Revision as of 04:10, 16 December 2019

Problem

Rhombus $PQRS^{}_{}$ is inscribed in rectangle $ABCD^{}_{}$ so that vertices $P^{}_{}$, $Q^{}_{}$, $R^{}_{}$, and $S^{}_{}$ are interior points on sides $\overline{AB}$, $\overline{BC}$, $\overline{CD}$, and $\overline{DA}$, respectively. It is given that $PB^{}_{}=15$, $BQ^{}_{}=20$, $PR^{}_{}=30$, and $QS^{}_{}=40$. Let $m/n^{}_{}$, in lowest terms, denote the perimeter of $ABCD^{}_{}$. Find $m+n^{}_{}$.

Solution

[asy]defaultpen(fontsize(10)+linewidth(0.65)); pair A=(0,28.8), B=(38.4,28.8), C=(38.4,0), D=(0,0), O, P=(23.4,28.8), Q=(38.4,8.8), R=(15,0), S=(0,20); O=intersectionpoint(A--C,B--D); draw(A--B--C--D--cycle);draw(P--R..Q--S); draw(P--Q--R--S--cycle); label("\(A\)",A,NW);label("\(B\)",B,NE);label("\(C\)",C,SE);label("\(D\)",D,SW); label("\(P\)",P,N);label("\(Q\)",Q,E);label("\(R\)",R,SW);label("\(S\)",S,W); label("\(15\)",B/2+P/2,N);label("\(20\)",B/2+Q/2,E);label("\(O\)",O,SW); [/asy]

Solution 1

Let $O$ be the center of the rhombus. Via parallel sides and alternate interior angles, we see that the opposite triangles are congruent ($\triangle BPQ \cong \triangle DRS$, $\triangle APS \cong \triangle CRQ$). Quickly we realize that $O$ is also the center of the rectangle.

By the Pythagorean Theorem, we can solve for a side of the rhombus; $PQ = \sqrt{15^2 + 20^2} = 25$. Since the diagonals of a rhombus are perpendicular bisectors, we have that $OP = 15, OQ = 20$. Also, $\angle POQ = 90^{\circ}$, so quadrilateral $BPOQ$ is cyclic. By Ptolemy's Theorem, $25 \cdot OB = 20 \cdot 15 + 15 \cdot 20 = 600$.

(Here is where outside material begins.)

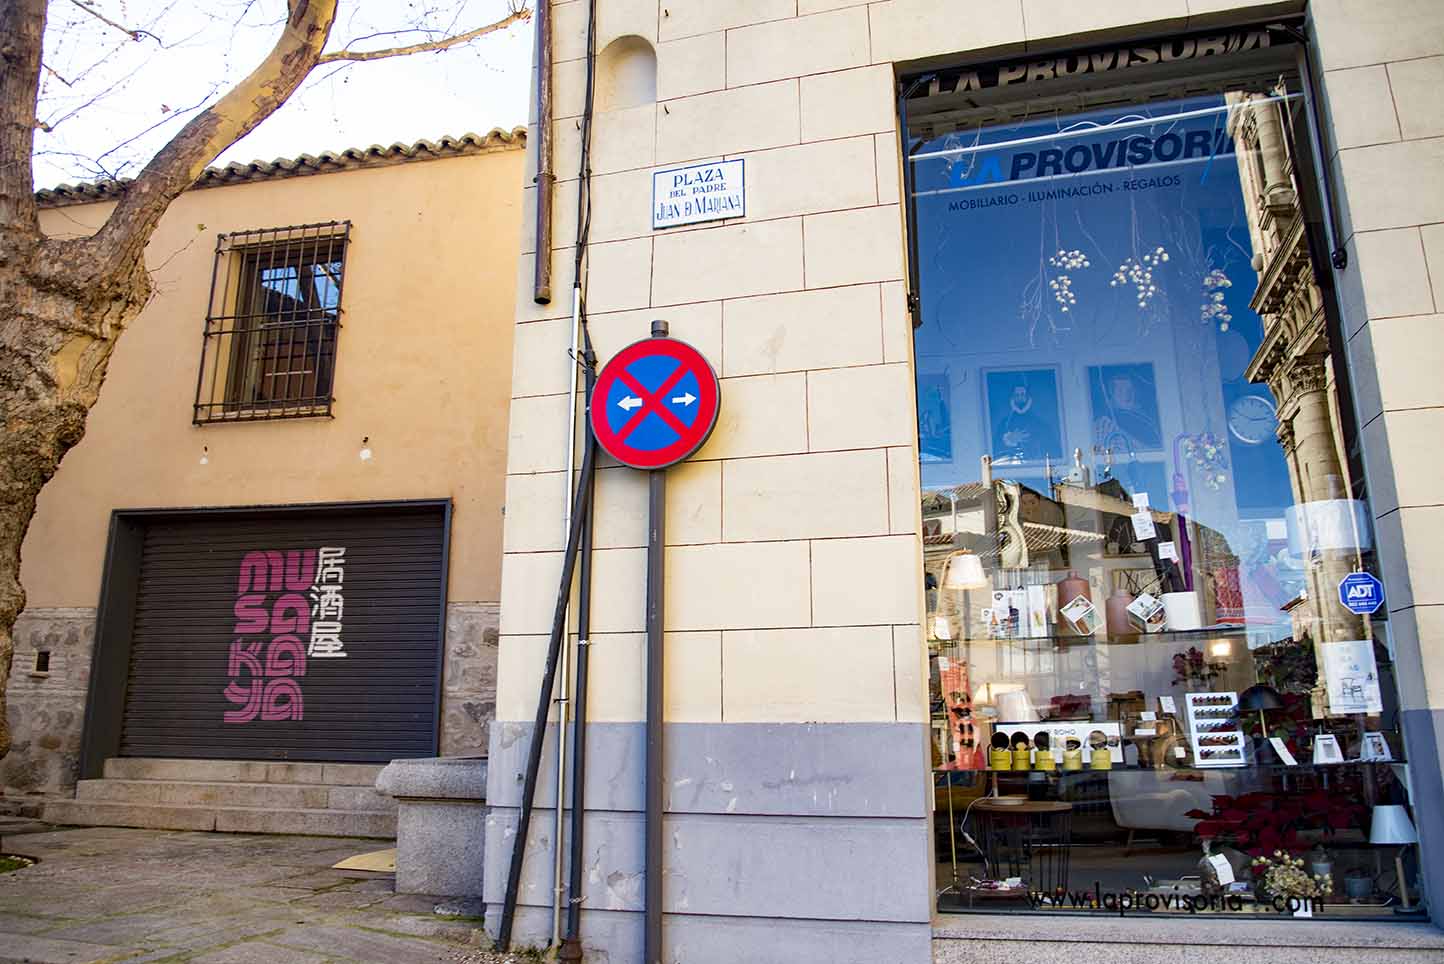 El nuevo restaurante se ubicará en la plaza Padre Juan de Mariana, en el casco histórico de Toledo. Foto: Rebeca Arango.

By similar logic, we have $APOS$ is a cyclic quadrilateral. Let $AP = x$, $AS = y$. The Pythagorean Theorem gives us $x^2 + y^2 = 625\quad \mathrm{(1)}$. Ptolemy’s Theorem gives us $25 \cdot OA = 20x + 15y$. Since the diagonals of a rectangle are equal, $OA = \frac{1}{2}d = OB$, and $20x + 15y = 600\quad \mathrm{(2)}$. Solving for $y$, we get $y = 40 - \frac 43x$. Substituting into $\mathrm{(1)}$,

\begin{eqnarray*}x^2 + \left(40-\frac 43x\right)^2 &=& 625\\ 5x^2 - 192x + 1755 &=& 0\\ x = \frac{192 \pm \sqrt{192^2 - 4 \cdot 5 \cdot 1755}}{10} &=& 15, \frac{117}{5}\end{eqnarray*}

We reject $15$ because then everything degenerates into squares, but the condition that $PR \neq QS$ gives us a contradiction. Thus $x = \frac{117}{5}$, and backwards solving gives $y = \frac{44}5$. The perimeter of $ABCD$ is $2\left(20 + 15 + \frac{117}{5} + \frac{44}5\right) = \frac{672}{5}$, and $m + n = \boxed{677}$.

Solution 2

From above, we have $OB = 24$ and $BD = 48$. Returning to $BPQO,$ note that $\angle PQO\cong \angle PBO \cong ABD.$ Hence, $\triangle ABD \sim \triangle OQP$ by $AA$ similarity. From here, it's clear that \[\frac {AD}{BD} = \frac {OP}{PQ}\implies \frac {AD}{48} = \frac {15}{25}\implies AD = \frac {144}{5}.\] Similarly, \[\frac {AB}{BD} = \frac {IQ}{PQ}\implies \frac {AB}{48} = \frac {20}{25}\implies AB = \frac {192}{5}.\] Therefore, the perimeter of rectangle $ABCD$ is $2(AB + AD) = 2\left(\frac {192}{5} + \frac {144}{5}\right) = \frac {672}{5}.$

Solution 3

The triangles $QOB,OBC$ are isosceles, and similar (because they have $\angle QOB = \angle OBC$).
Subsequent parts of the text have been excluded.